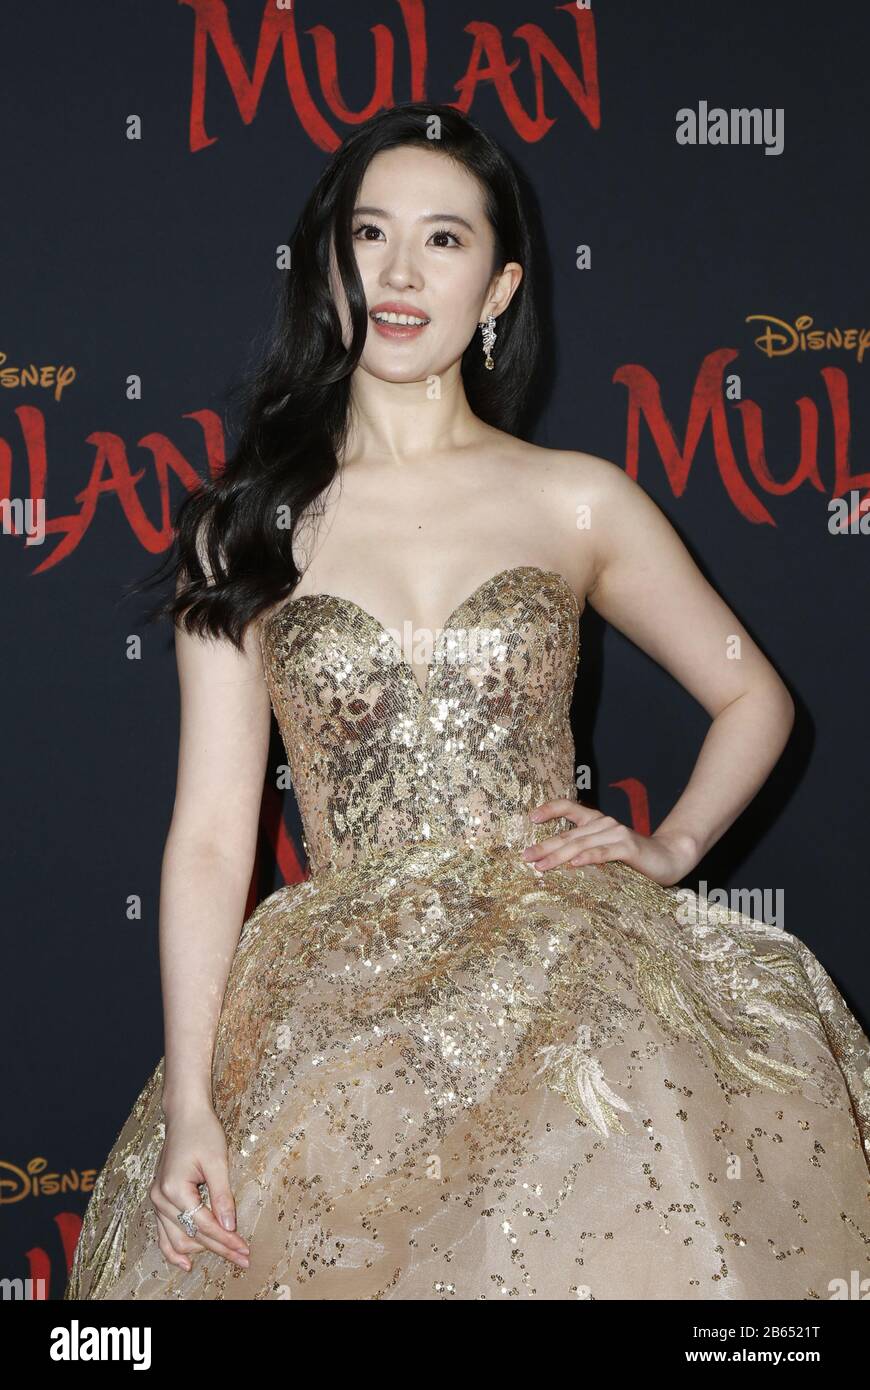 Hollywood, Ca. 9th Mar, 2020. Yifei Liu, at Premiere Of Disney's 'Mulan' at The Dolby Theatre in Hollywood California on March 9, 2020. Credit: Faye Sadou/Media Punch/Alamy Live News Stock Photo
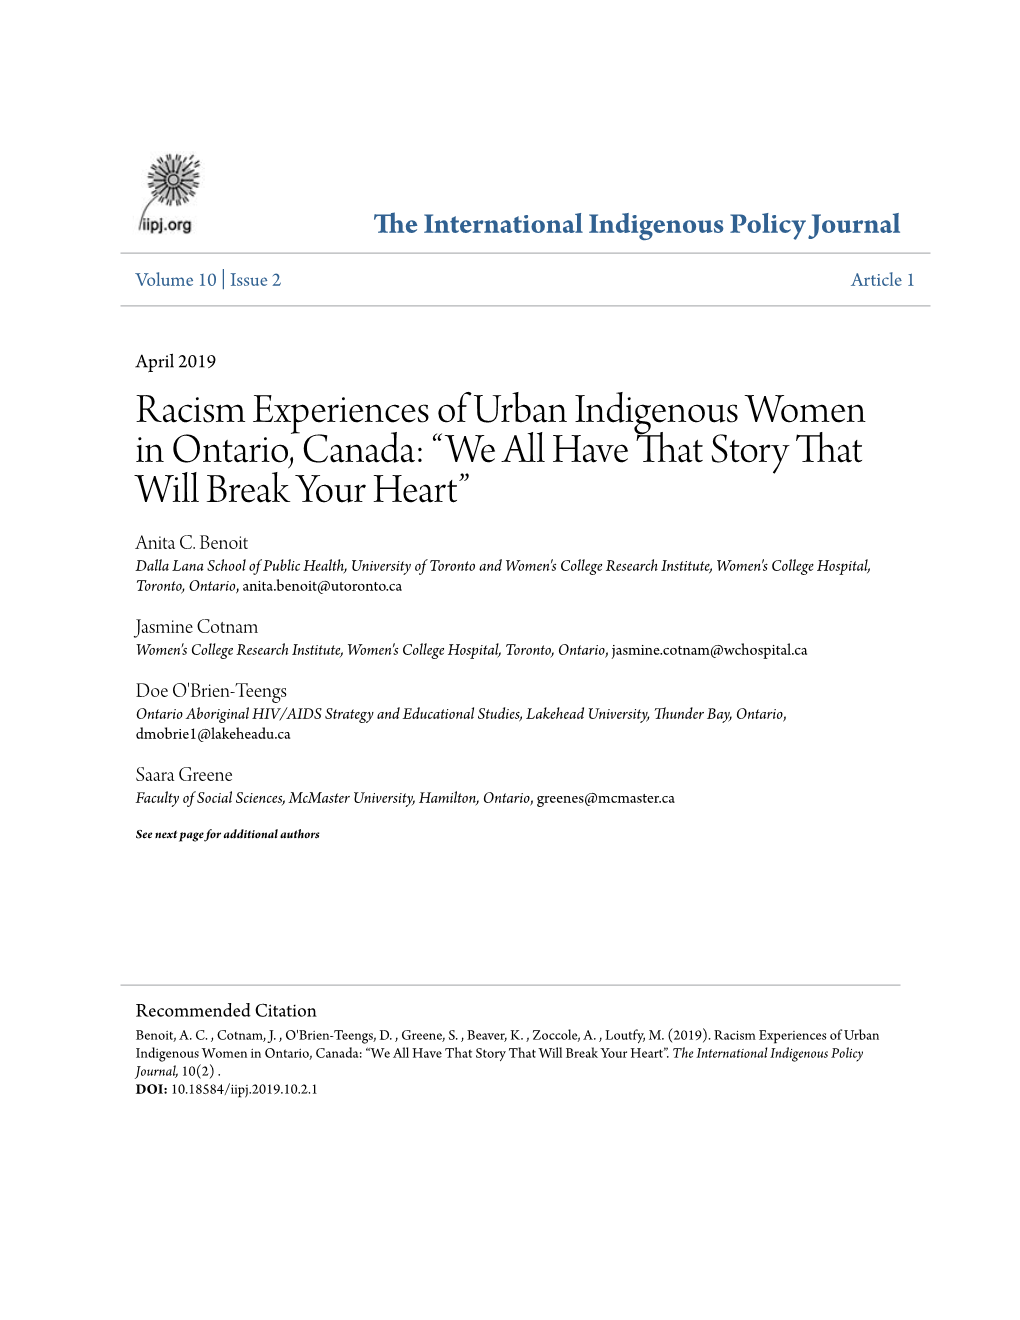 Racism Experiences of Urban Indigenous Women in Ontario, Canada: “We All Have That Story That Will Break Your Heart” Anita C
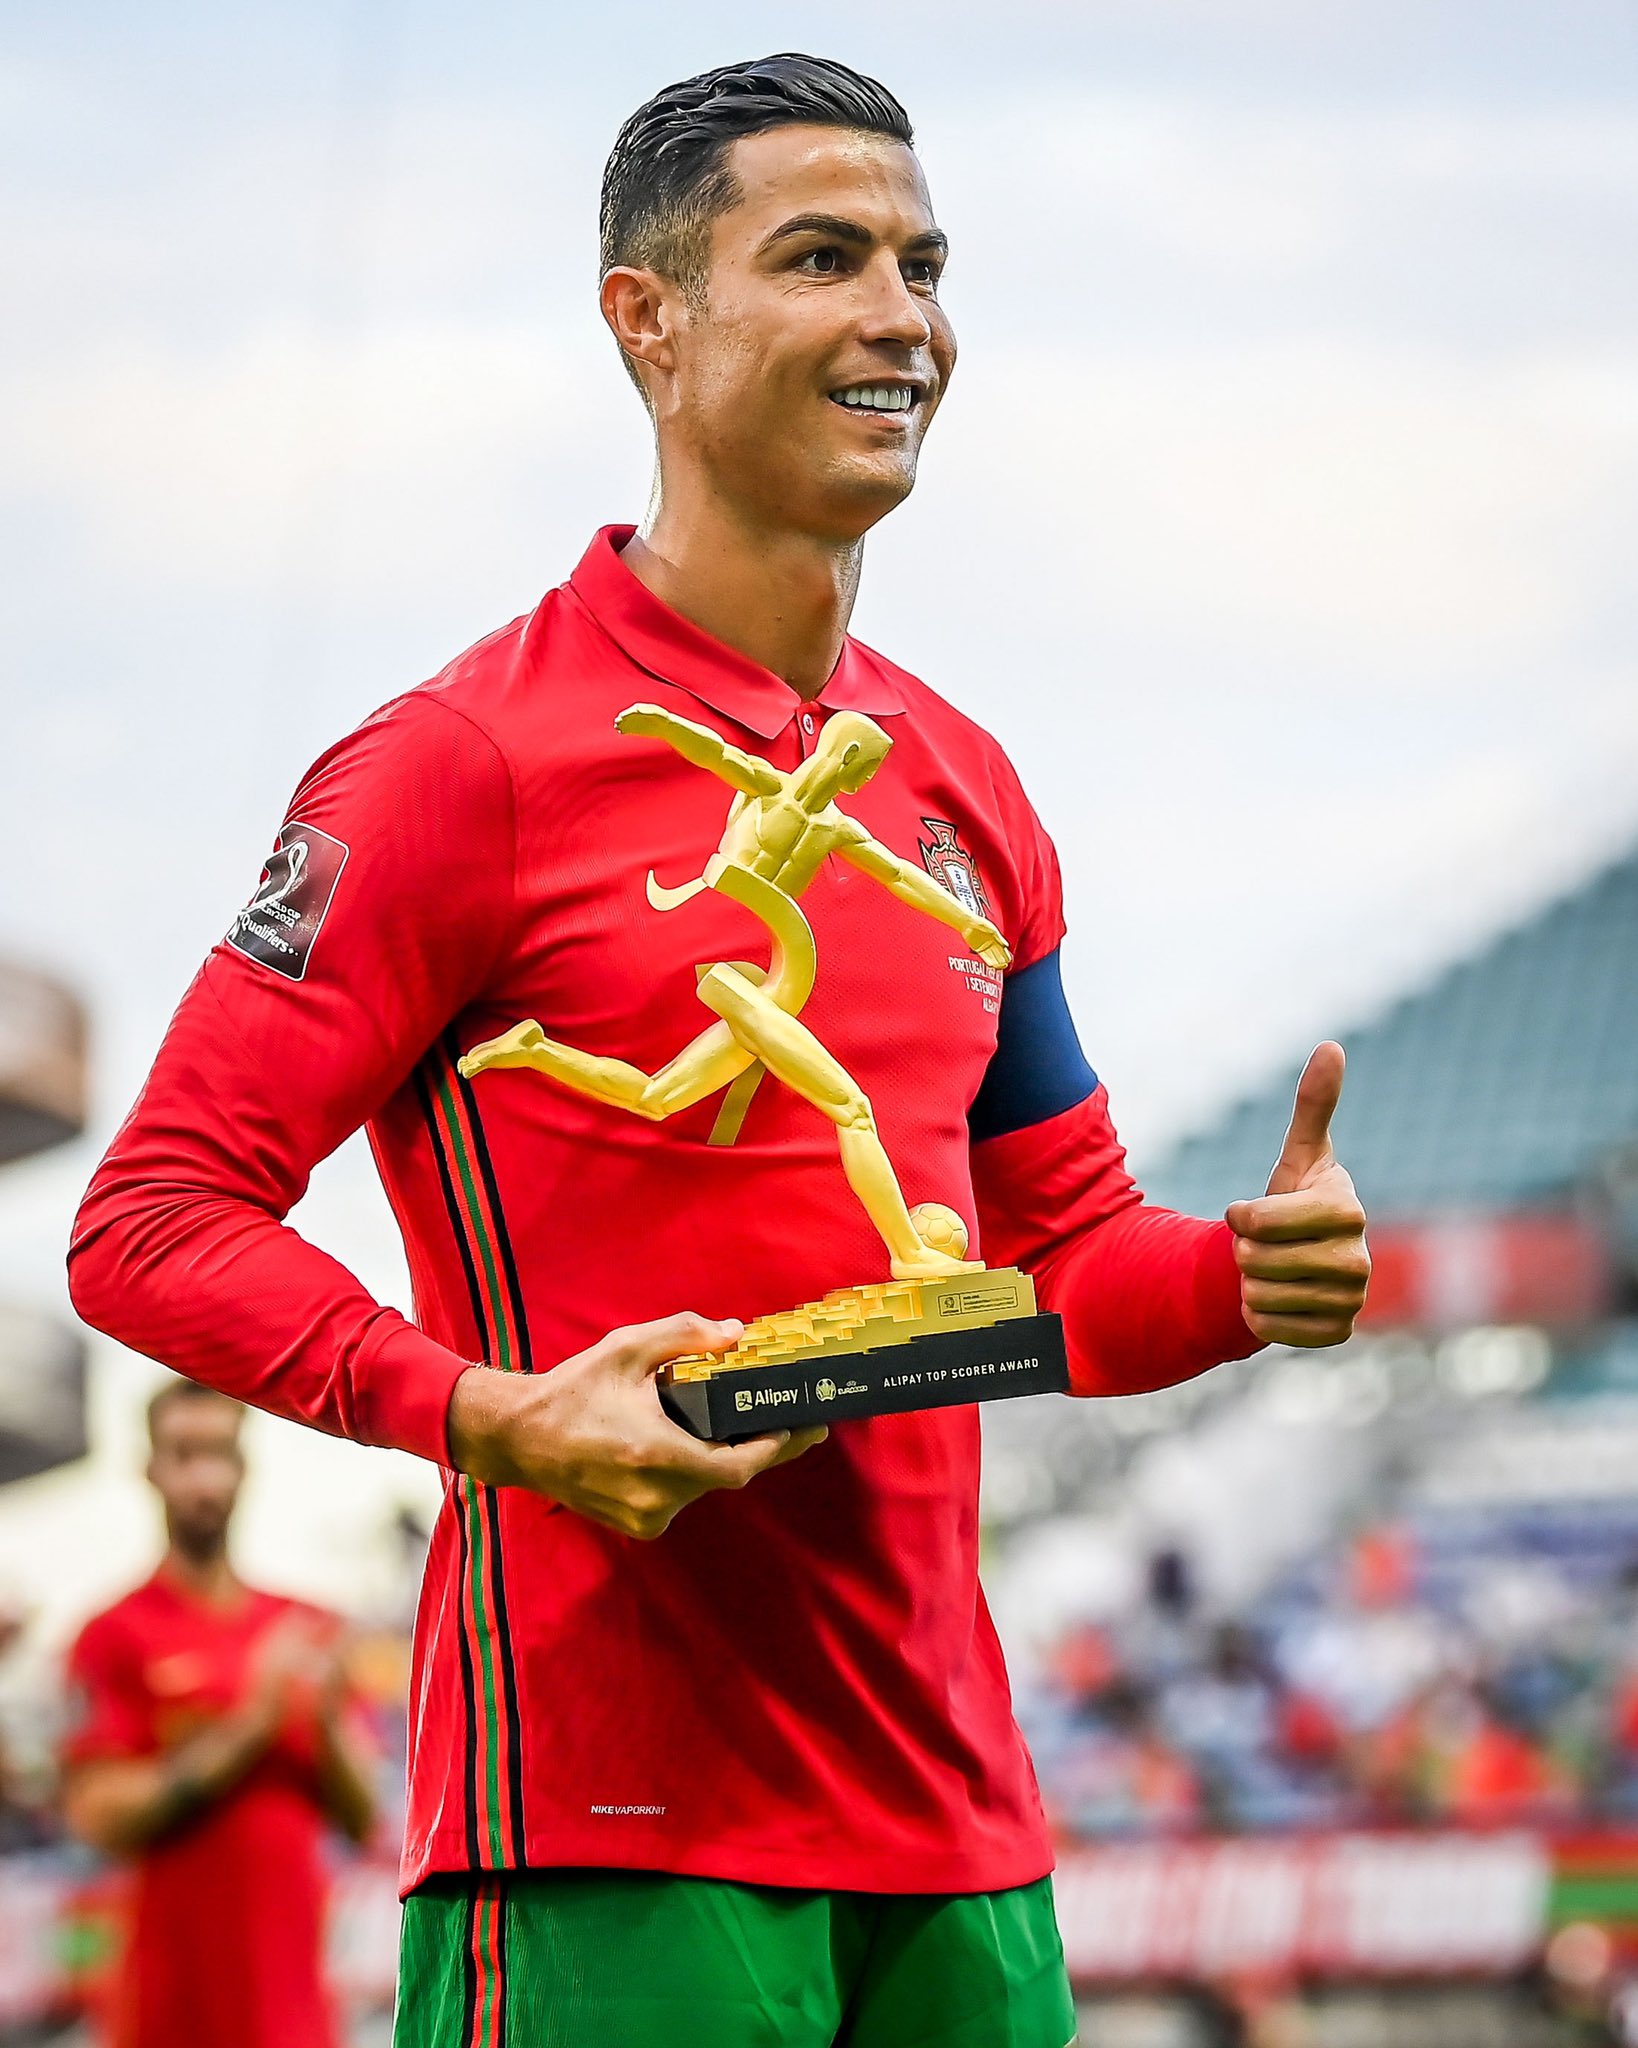 Madridista Haven on Twitter: "Ronaldo's 2021 Serie A Top Scorer Serie A Forward of the Year Top for Juventus Euro 2021 Top Scorer Euro Top Scorer of all time Top Scorer

Work request: The answer is the whole listing above, written out verbatim, without its pictures.

Task solution:
 Hollywood, Ca. 9th Mar, 2020. Yifei Liu, at Premiere Of Disney's 'Mulan' at The Dolby Theatre in Hollywood California on March 9, 2020. Credit: Faye Sadou/Media Punch/Alamy Live News Stock Photo
 Racism Experiences of Urban Indigenous Women in Ontario, Canada: “We All Have That Story That Will Break Your Heart” Anita C
 Madridista Haven on Twitter: "Ronaldo's 2021 Serie A Top Scorer Serie A Forward of the Year Top for Juventus Euro 2021 Top Scorer Euro Top Scorer of all time Top Scorer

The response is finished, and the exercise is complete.